Big-endian throughout.

```
[u32  uncompressed_size]            // 4 bytes, header
per chunk (uncompressed_size > 0):
  [u32  final_state]                // 4 bytes
  [u16  emitted_words]*             // variable, in stream order
```

Number of emitted words per chunk is implicit — the decoder pulls a word
whenever its state drops at or below `kMask = (1 << kBits) - 1`.

---

## API

```cpp
#include "util/ans.h"

// Always built.
bool ans::Decode(const uint8_t* src, size_t src_size,
                 uint8_t* dst, size_t dst_capacity,
                 size_t* out_size,
                 const uint32_t* initial_counts = nullptr);

uint32_t ans::PeekUncompressedSize(const uint8_t* src, size_t src_size);

// Gated on ANS_ENABLE_ENCODER (tools only).
bool ans::Encode(const uint8_t* src, size_t size,
                 std::vector<uint8_t>* dst,
                 const uint32_t* initial_counts = nullptr);

void ans::Histogram(const uint8_t* src, size_t size, uint32_t* out_counts);
```

`initial_counts` is a 256-entry table that seeds the adaptive model. Both
encoder and decoder must use the same seed — a mismatch trips the chunk-end
state check immediately.
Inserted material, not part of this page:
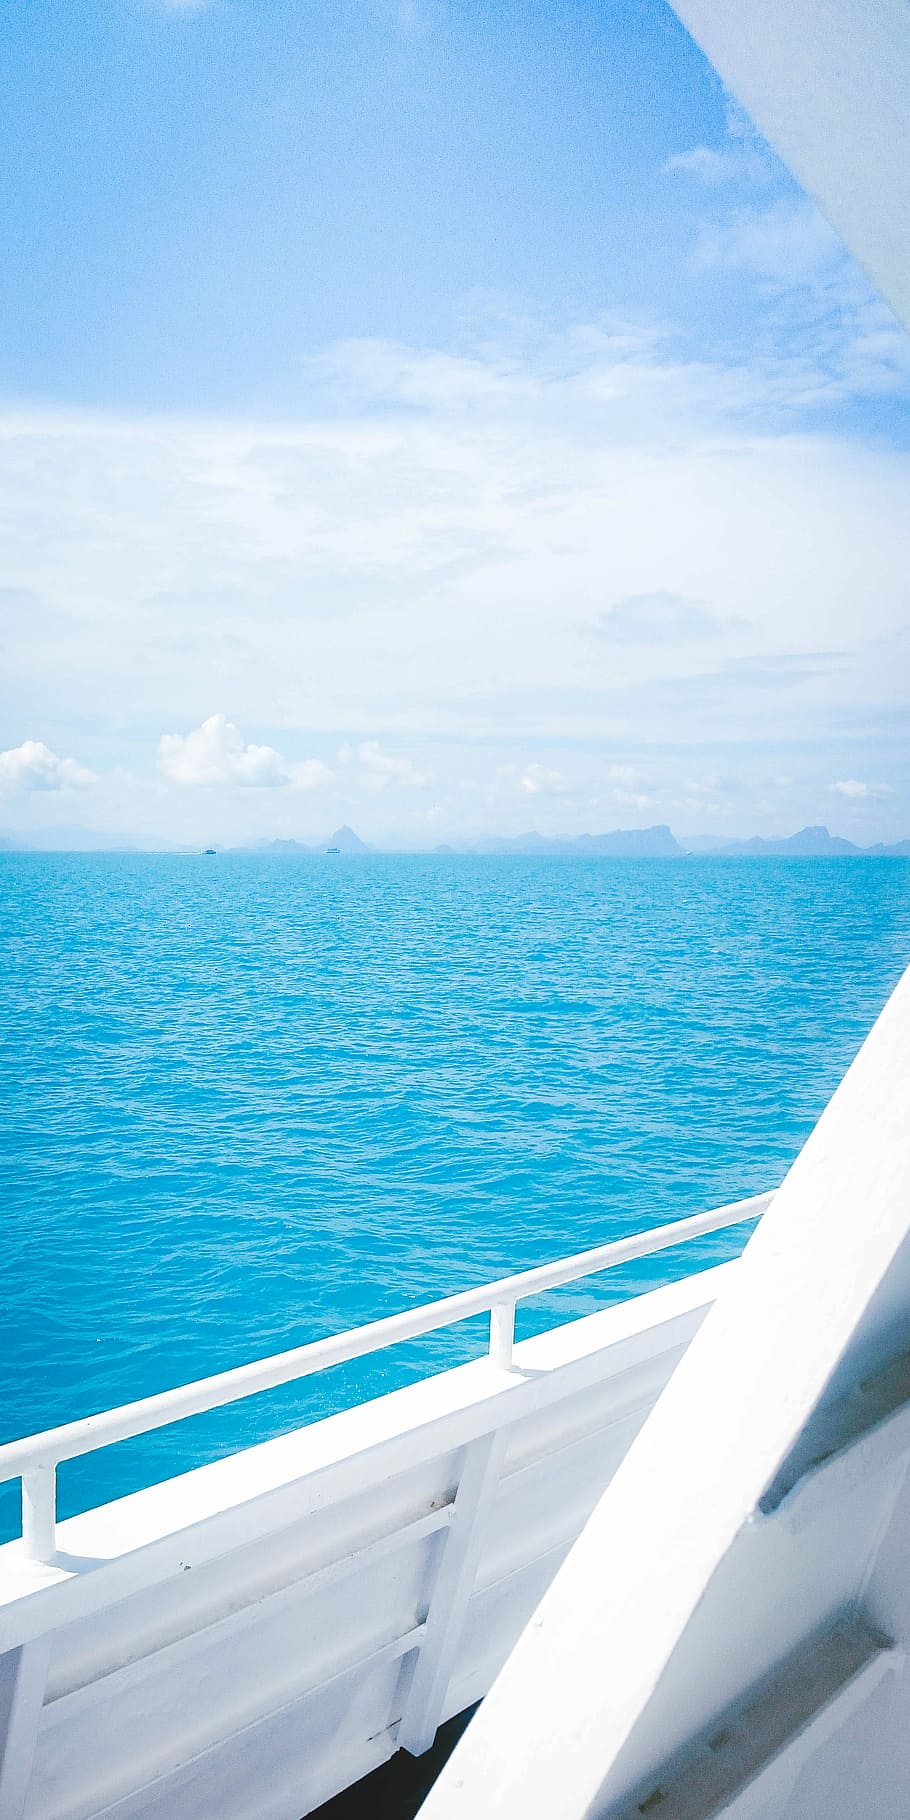 white boat voyaging on ocean during daytime, boat on body of water

Pass `nullptr` for a uniform default (all-ones).

---

## Asset Pipeline Integration

`AssetRecord` carries two extra fields:

```cpp
enum class AssetCompression : uint8_t {
  NONE = 0,
  ANS_ASCII = 1,  // seeded from GetAnsAsciiHistogram()
};

struct AssetRecord {
  ...
  AssetCompression compression;
  size_t uncompressed_size;  // == size if compression == NONE
};
```

### Build time (`tools/asset_packer.cc`)

Embedded (non-disk-load) builds only:

1. Scan every `WGSL` asset to build a corpus-wide 256-entry byte histogram.
2. Emit it as `static const uint32_t kAnsAsciiHistogram[256]` plus a
   `GetAnsAsciiHistogram()` accessor in `assets_data.cc`.
3. For each `WGSL` asset, call `TryAnsCompress()`:
   `ans::Encode(...)` → reject if it's not smaller than the raw input →
   round-trip verify with `ans::Decode(...)` → only then mark the asset
   `ANS_ASCII`.
4. Other asset types (SPEC, TEXTURE, MESH, BINARY, MP3, PROC*) pass
   through uncompressed.

Disk-load (dev) builds skip the encoder entirely: WGSL data is the file
path, never the file contents.

### Runtime (`src/util/asset_manager.cc`)
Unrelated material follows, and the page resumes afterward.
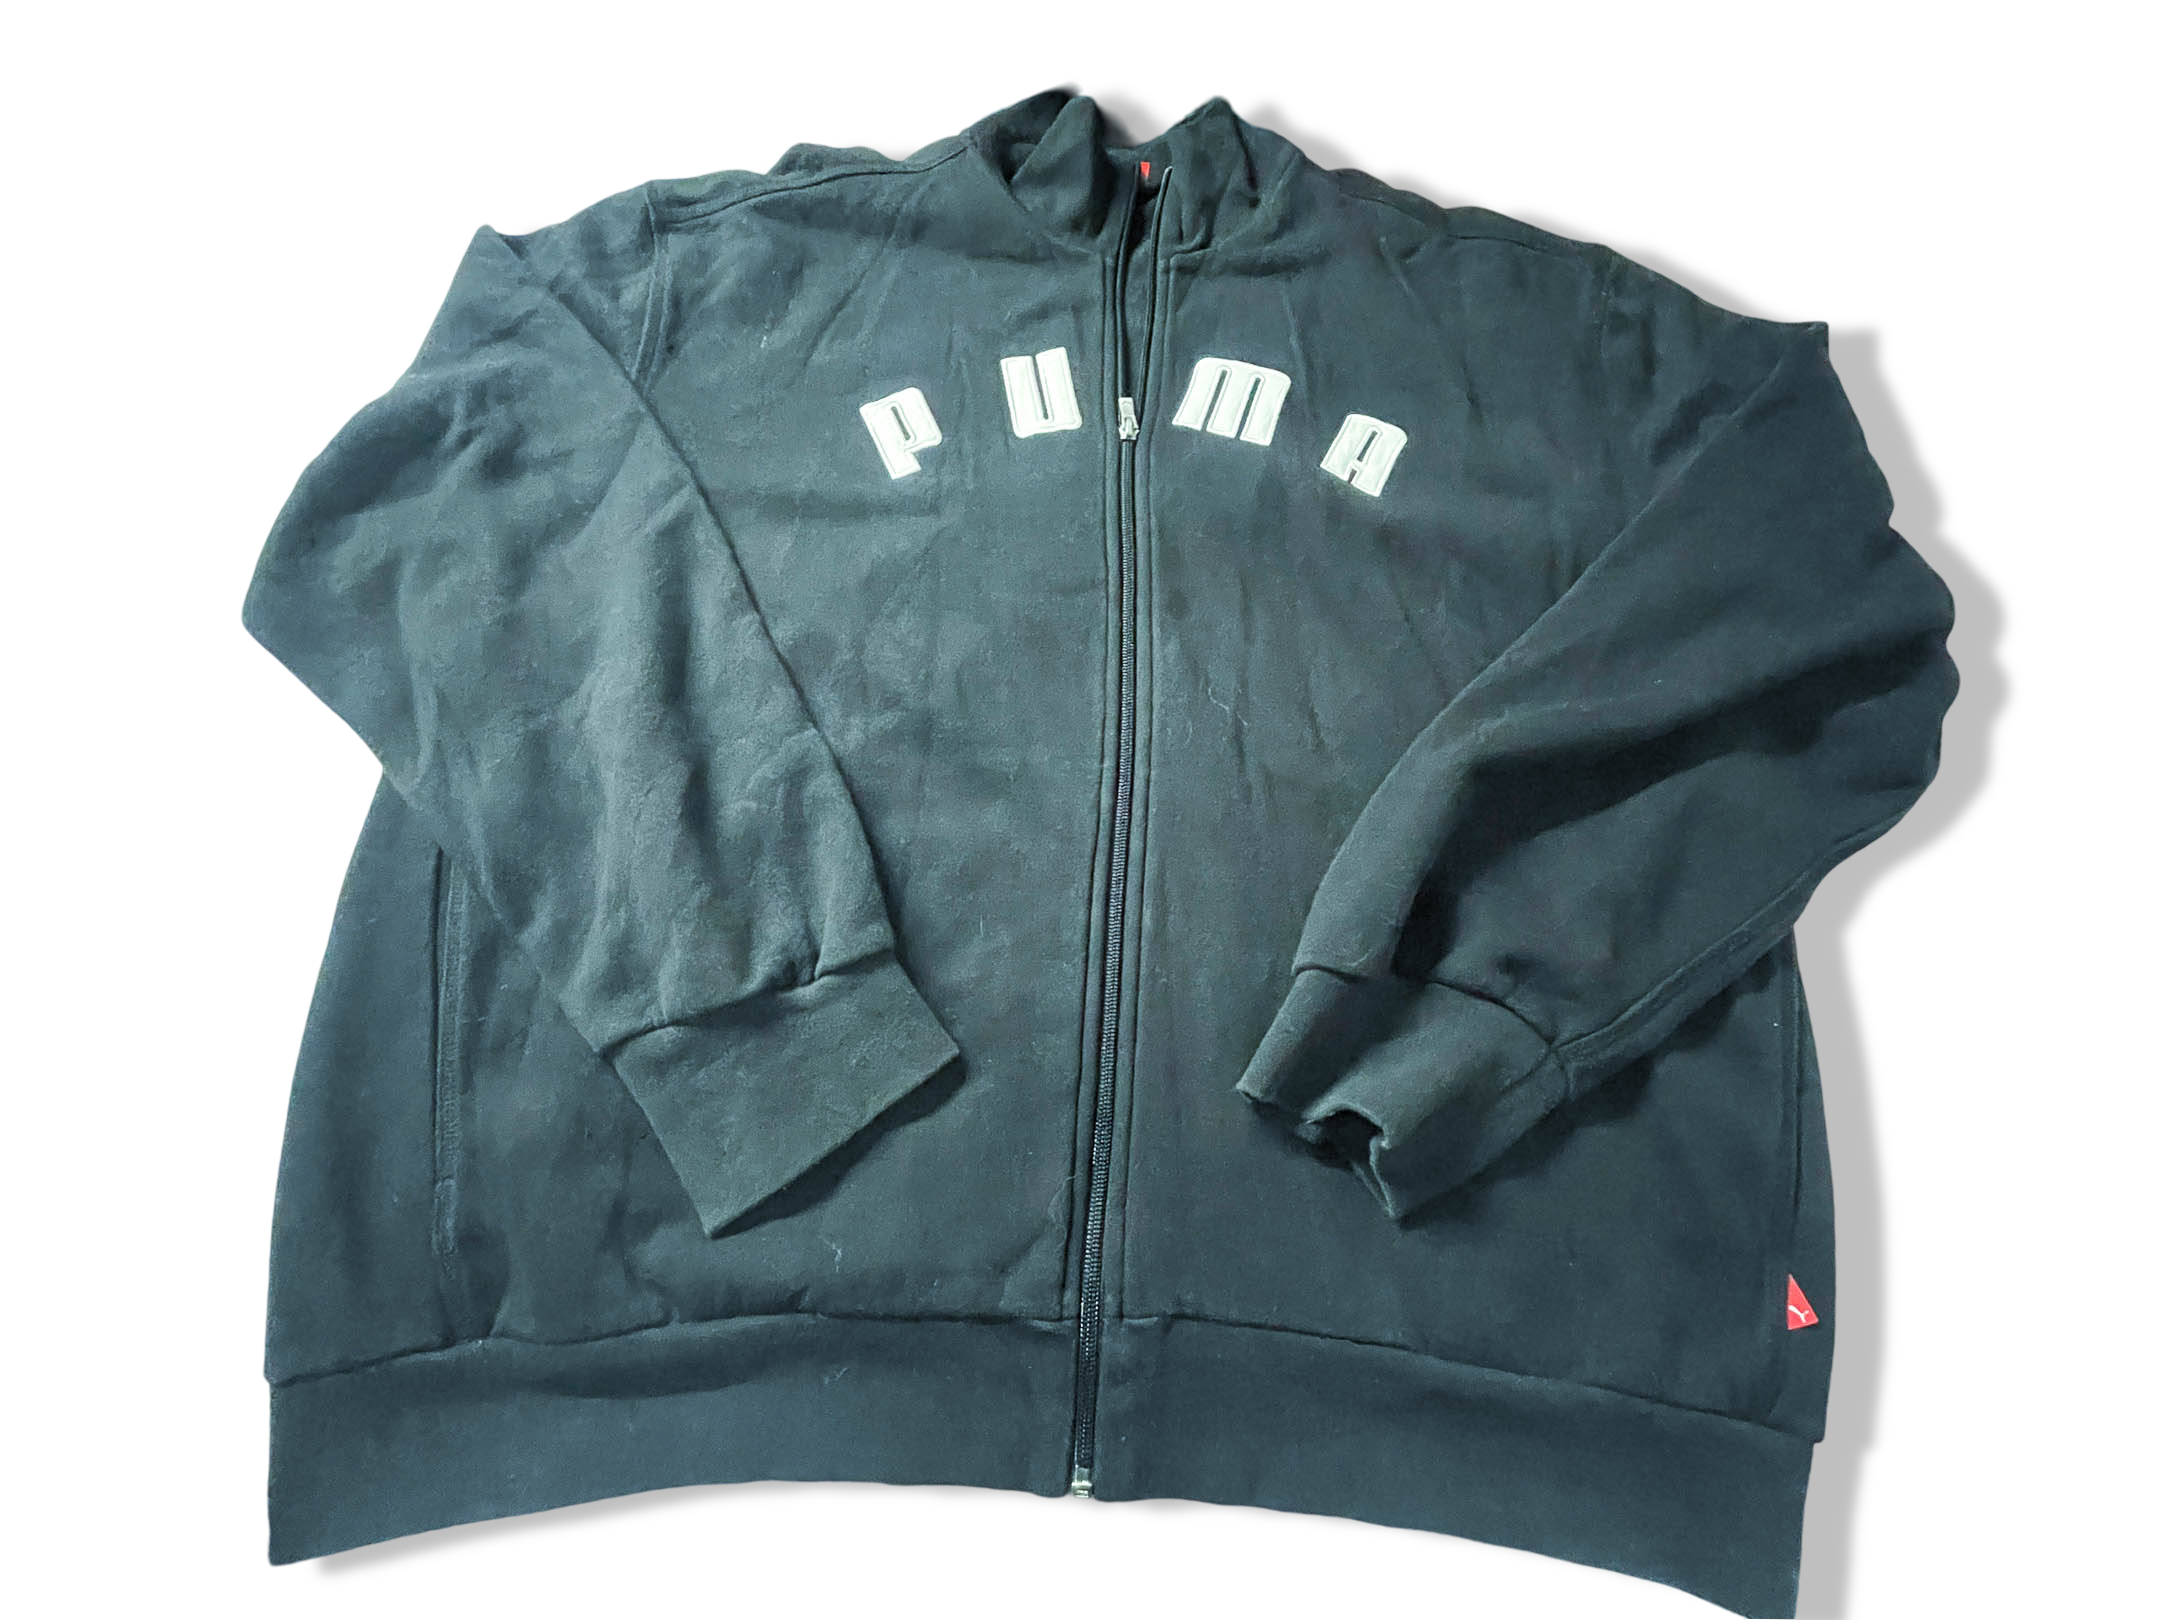 Vintage Men's Black Puma full zip high neck jacket in 2XL|L32W26|SKU 3889

`GetAsset()` checks `compression` on a cache miss:

- `NONE` → return the static pointer (or hit the existing PROC / disk-load
  branch).
- `ANS_ASCII` → allocate `uncompressed_size + 1` bytes,
  `ans::Decode(..., GetAnsAsciiHistogram())`, NUL-terminate, cache.
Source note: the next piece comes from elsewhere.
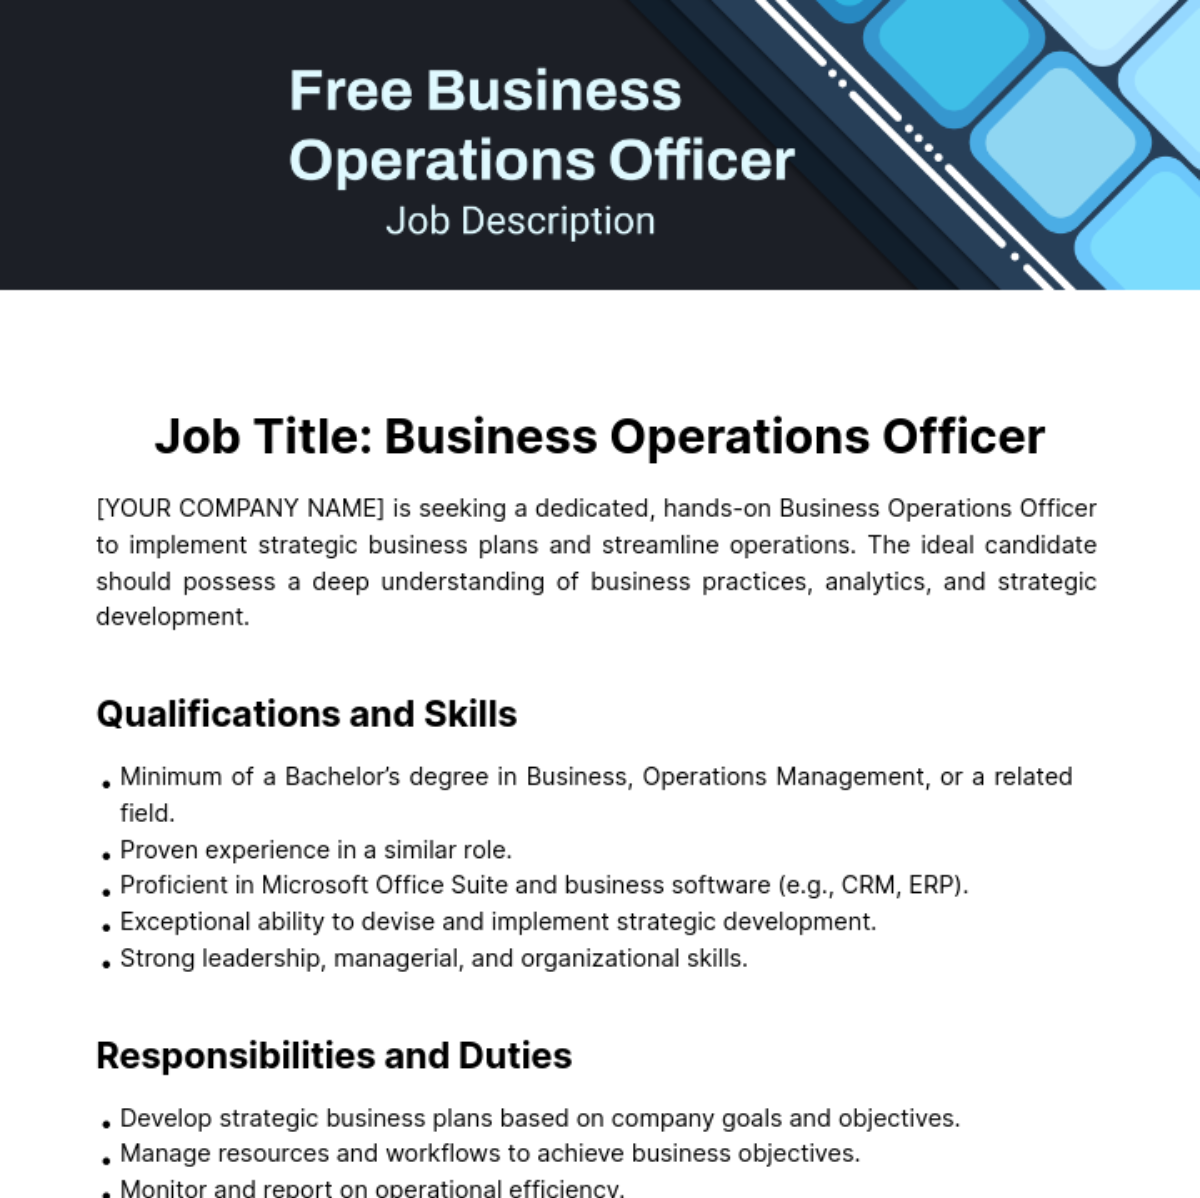 Free Business Operations Officer Job Description Template

`DropAsset()` and `ReloadAssetsFromFile()` free the heap-allocated buffer
when `compression != NONE`, alongside the existing procedural cleanup.

---

## Observed Compression

`workspaces/main`, STRIP_ALL build: WGSL shaders compress to **0.62×–0.71×**
their raw size (81 of 105 assets qualify). Round-trip verification runs
at pack time for every compressed asset; failures abort the build.

---

## Limitations

The encoder returns `false` if it cannot produce a final state above
`kMask` for some chunk. With the corpus-derived ASCII histogram this never
trips on the demo's WGSL corpus, but inputs with a near-monolithic byte
distribution can fail. Such assets fall back to uncompressed storage.

---

## Tests

`src/tests/util/test_ans.cc` (run via `make run_util_tests` or
`./build/test_ans`):

- Roundtrip variants: empty, single byte, single-symbol run, all-zeros,
  random uniform, random skewed, repeated ASCII.
- Seeded-vs-uniform: a corpus-matched histogram compresses at least as
  well as a uniform seed.
- Rejection: mismatched seed model, payload bit-flip, truncated stream.
- `PeekUncompressedSize` returns the header value.

---

## See Also

- `doc/ASSET_SYSTEM.md` — overall asset pipeline.
- `src/util/ans.h` — public API.
- `tools/asset_packer.cc` — corpus scan and per-asset compression.
- `src/util/asset_manager.cc` — runtime decompression.